From: Larry Miller ([email protected])
Date: Wed Jun 06 2001 - 07:00:58 PDT
Your designer probably wants a moat (gap) around the copper under the
oscillator. This is often recommended by the oscillator manufacturers.
The idea is to attach the moat to the surrounding ground plane only at the
point where the power and signal traces cross over into the "outside" world.
This gives a controlled ground reference for the oscillator (which usually
has a substantial metal enclosure) which is free from stray currents caused
by adjacent circuitry (your designer has it right).
If you leave the copper off altogether you have to keep other traces a long
distance away to avoid affecting the oscillator.
Note that the copper island under the oscillator is not floating! It is
attached to ground at only one point so that no currents can flow in or
across the island due to outside circuit activity.
As usual, Howard Johnson's book discusses this, I believe.
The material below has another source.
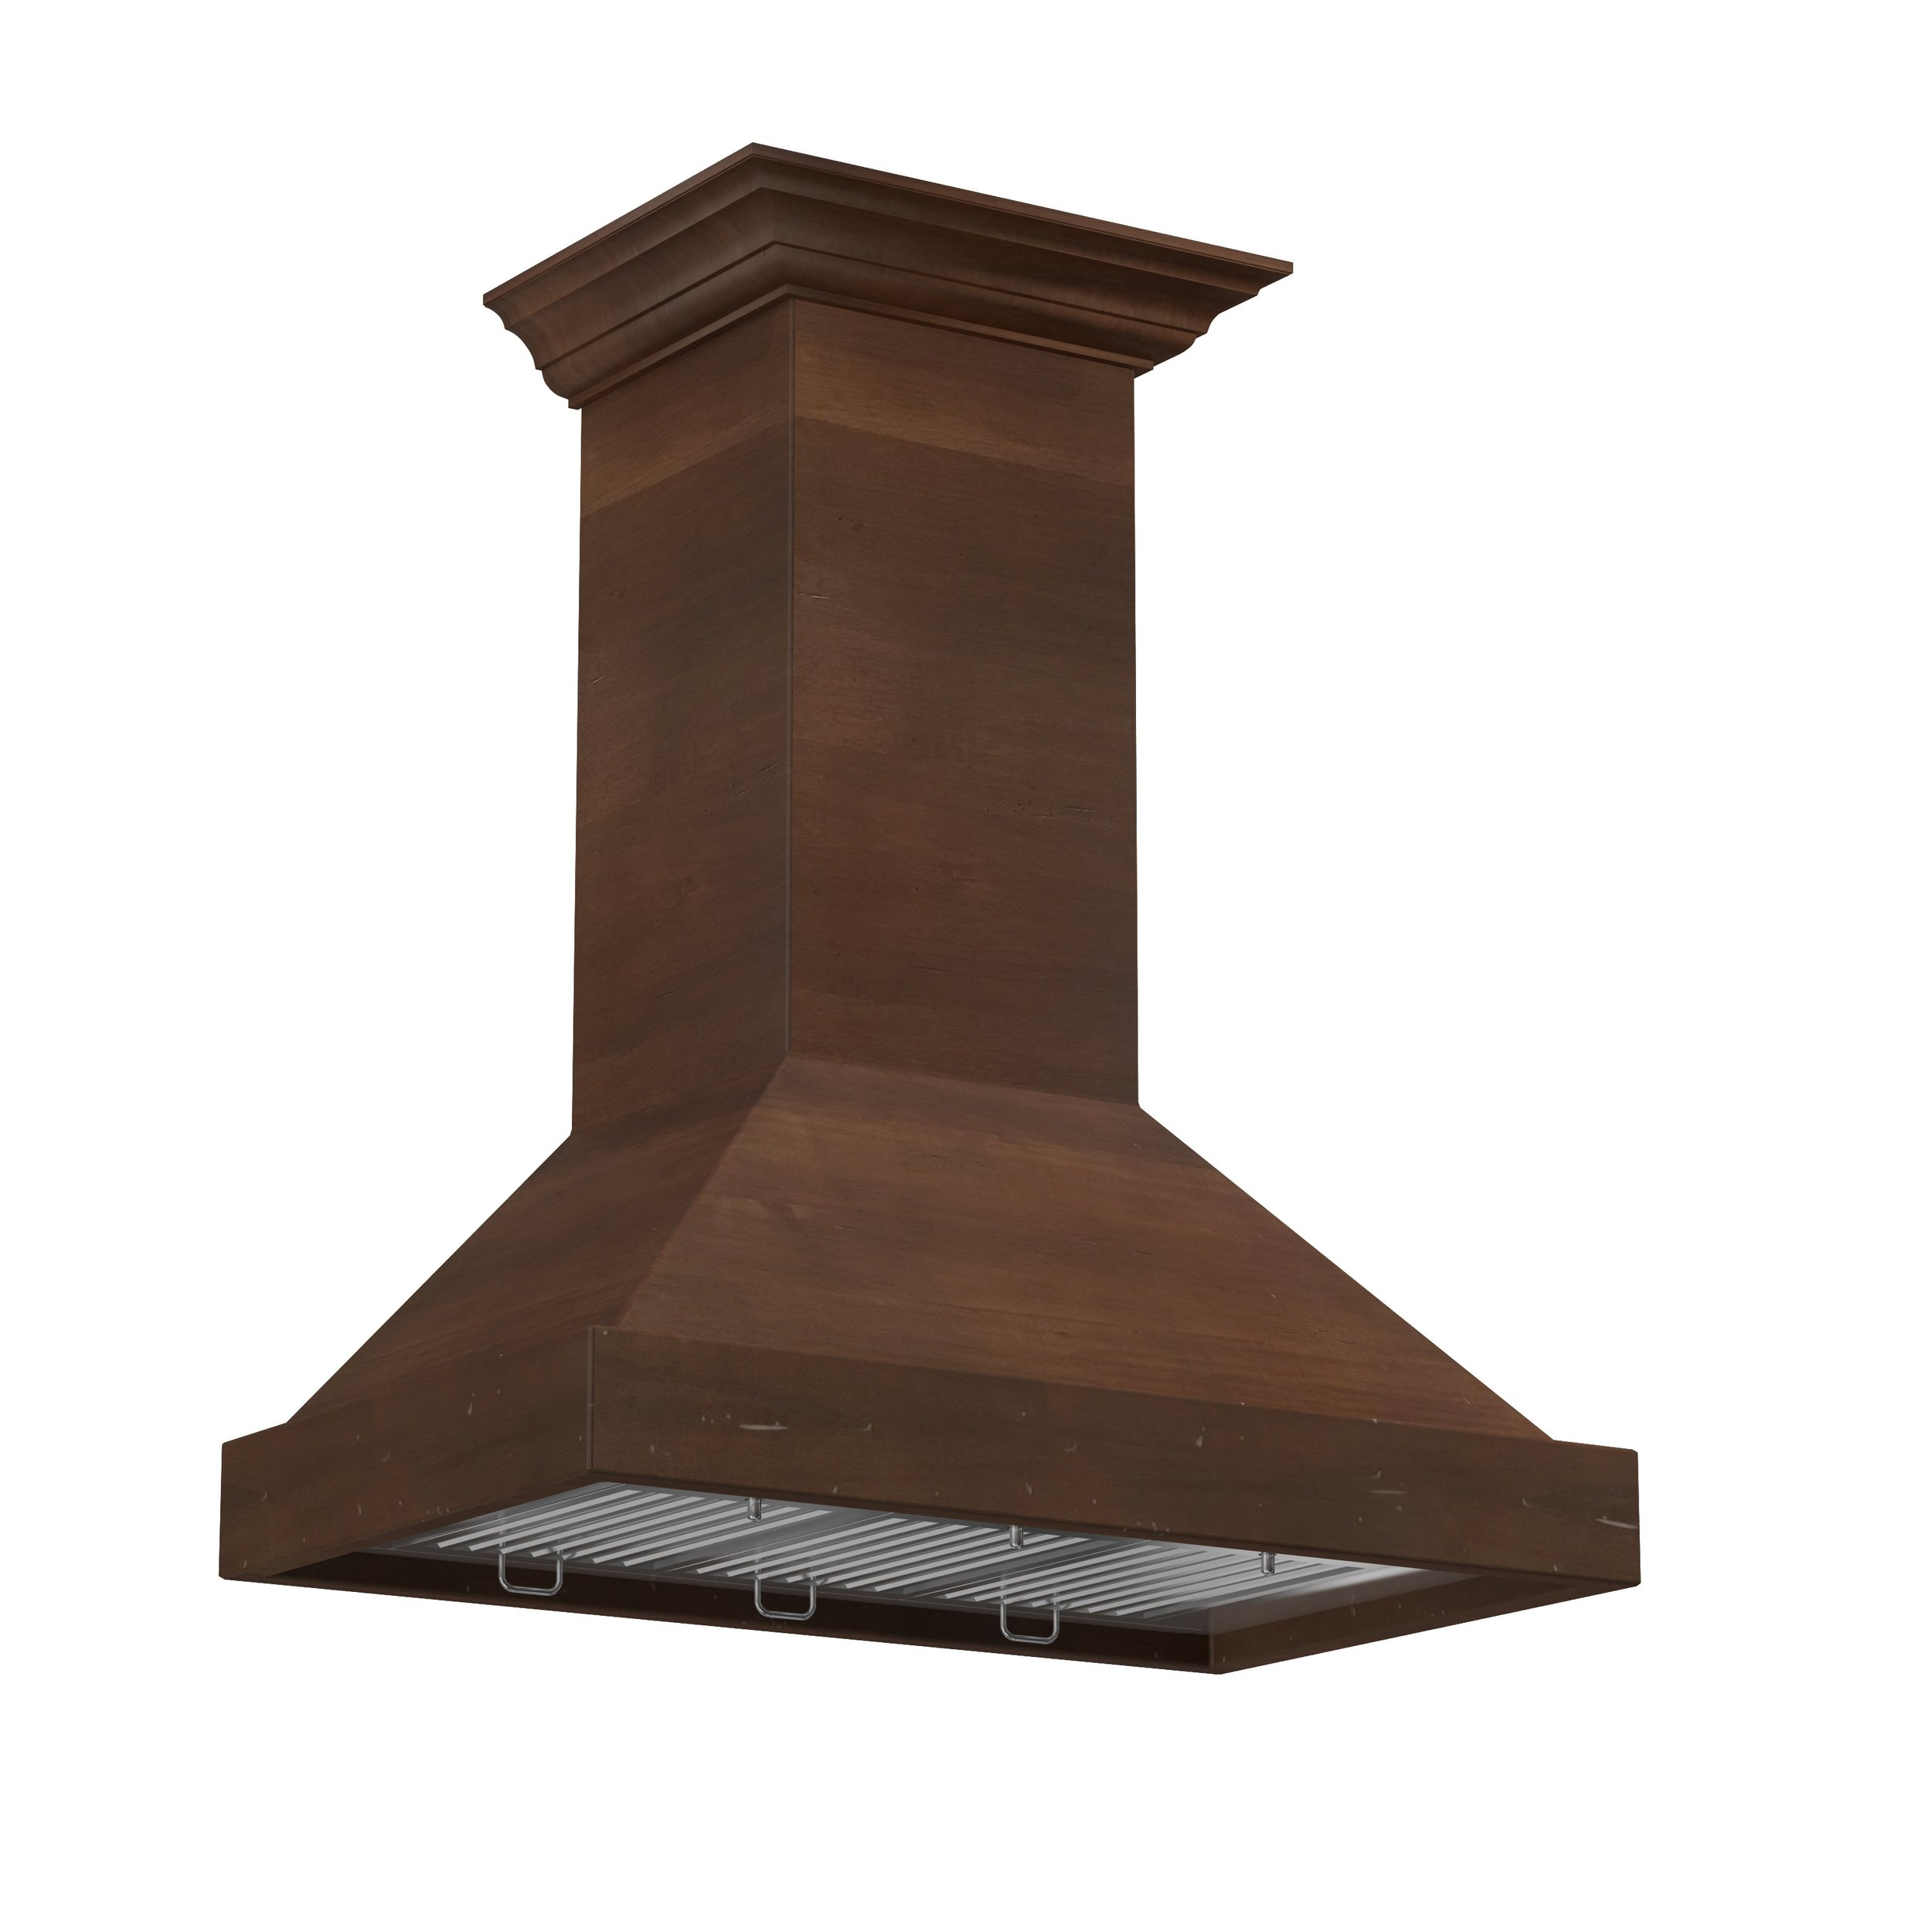 zline-designer-wood-range-hood-KBRR-side.jpg

From: Shoaib [mailto:[email protected]]
Sent: Monday, June 04, 2001 10:24 PM
To: [email protected]
Subject: [SI-LIST] : Copper pour beneath oscillators,
I'm a novice and my question might sound stupid but nontheless its a
question to me. I'm desiging a board with 20 Mhz clock oscillators on it, i
have put copper pour on the vacant areas of the board and connected the
copper to the ground (common to all components), this copper also extends
beneath the oscillators. The designer of the circuit is not happy with it
and says that it will inflict all the noise generated by other components
onto the oscillators output and rather he suggests that copper beneath the
oscillators should remain unconnected this way any noise inflicted on or by
the oscillator will remain isolated and not cause any problems. Can anyone
please explain as it is a little confusing for me.